Сперва Филисов вступил в переписку с Бахадыр-Гиреем. Затем пропустил его лодки с кавказцами на полуостров. Затем весьма прохладно встретил бежавшего из Кафы светлейшего хана, худо разместил и денег на содержание отряда сторонников Шахин-Гирею из крепостной казны не дал. Веселитский в своем донесении в столицу назвал такое поведение предательским. Но прямых улик у него не было. То ли эмиссары турецкой разведки и впрямь подкупили Филисова. То ли военачальник характер имел такой, что слова поперек его нрава сказать не моги!
Прознав о ссоре двух сановников, императрица не торопилась выносить решение в пользу кого-либо из них. Летом 1782 года ситуация в Крыму и вокруг него складывалась слишком сложная, взрывоопасная. Однако строгое письмо Филисову царица все же написала.
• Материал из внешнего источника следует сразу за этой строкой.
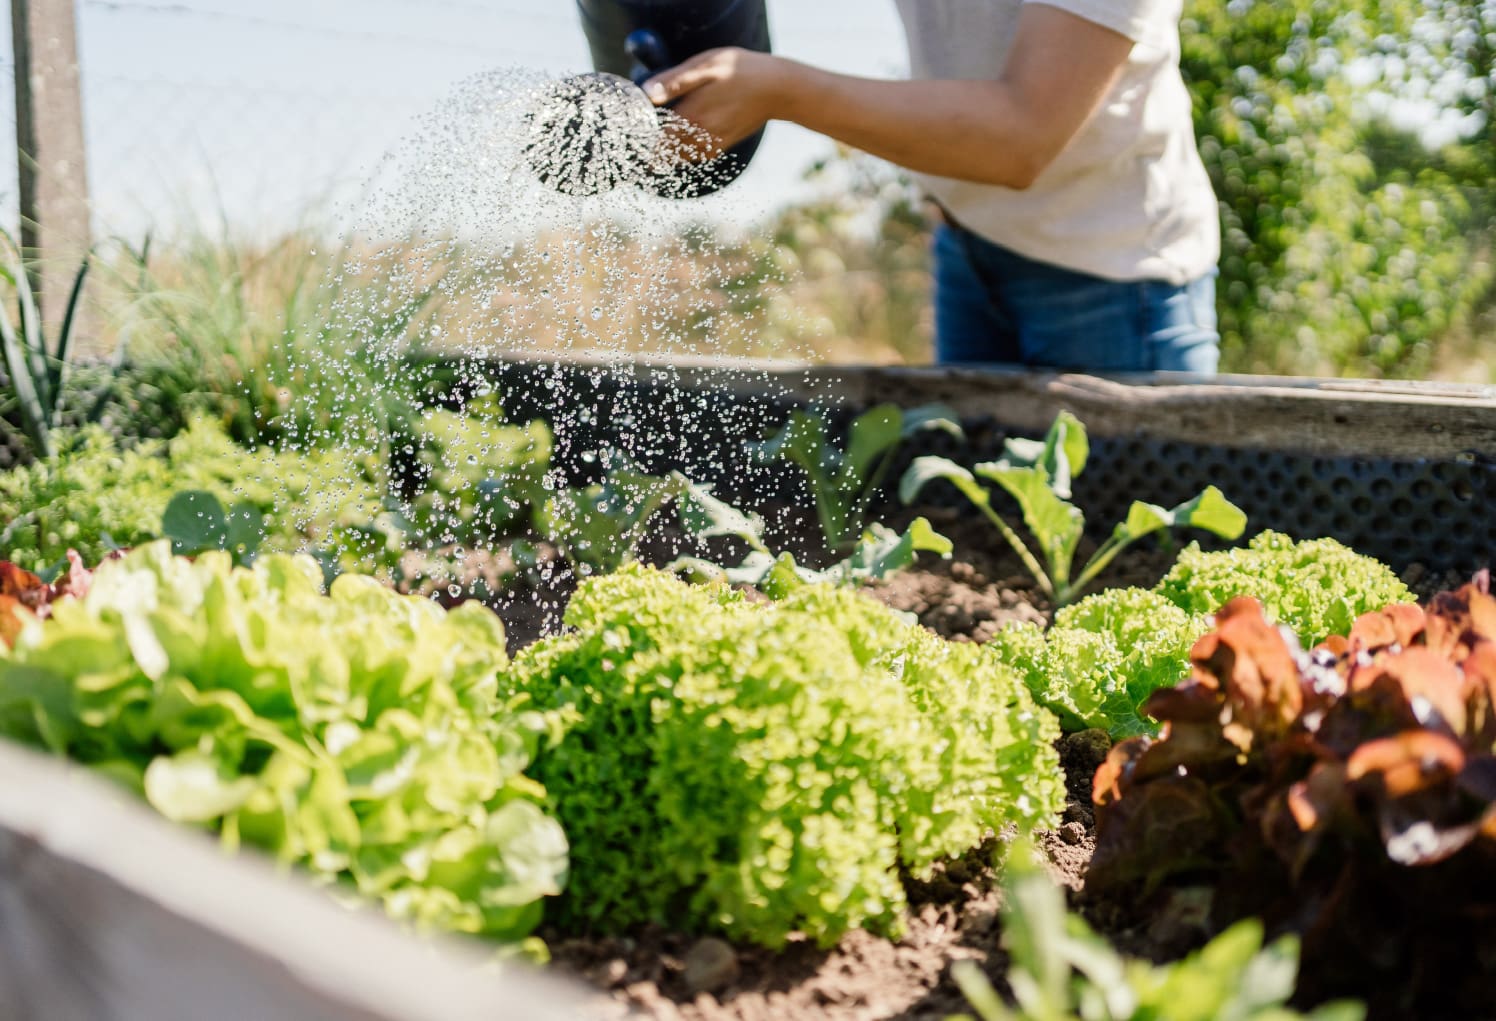 Gardner watering vegetables
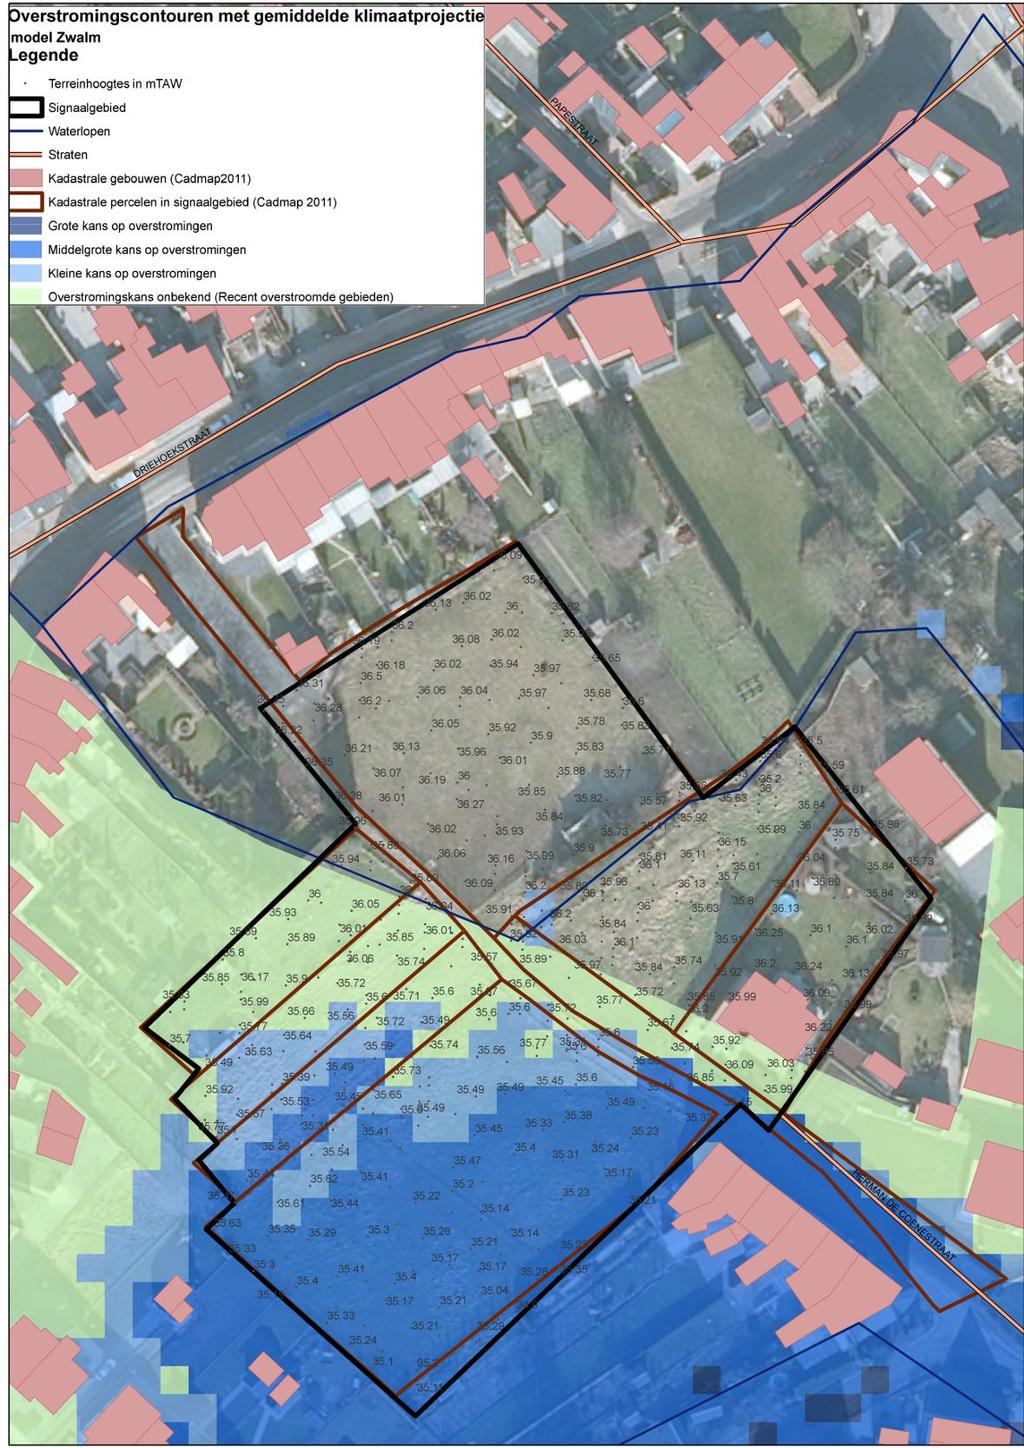 Handleidi ng kaart: De weergave van de kadastrale gebouwen (Cadmap 2011), kadastrale percelen (Cadmap 2011), straten en waterlopen geven een situering van het signaalgebied.

А генерал-майор упрямо гнул свое: я отвечаю только за крепости и их гарнизон; ни одну из татарских группировок поддерживать не буду, поскольку крымцы — люда ветреные, сегодня они — с нами, завтра — против нас; деньги Шахин-Гарею пусть высылает Иностранная коллегия, ибо оный деятель по сему ведомству и числится; господину же Веселитскому не за чем мешаться в военные дела, в них он совершенно не разбирается.
Иногда чрезвычайному посланнику и полномочному министру из Петербурга пересылали копии этих бодрых, энергичных рапортов. Он читал их, вздыхал и предавался грустным размышлениям.
«Как жаль, — думал Веселитский, — что обер-коменданту Керчи и Ени-Кале не довелось коротко познакомиться с человеком в узких сапогах. Это во многом пошло бы на пользу генералу. Умозаключения Федора Петровича тогда приобрели бы значительную глубину, отточенность и многогранность. Его европейский абстрактно-гуманный взгляд на мир сменился бы простыми, предельно конкретными суждениями, так свойственными людям Востока. Ничья жизнь здесь не имеет цены, и Филисову сей постулат легко объяснили бы при помощи… бича».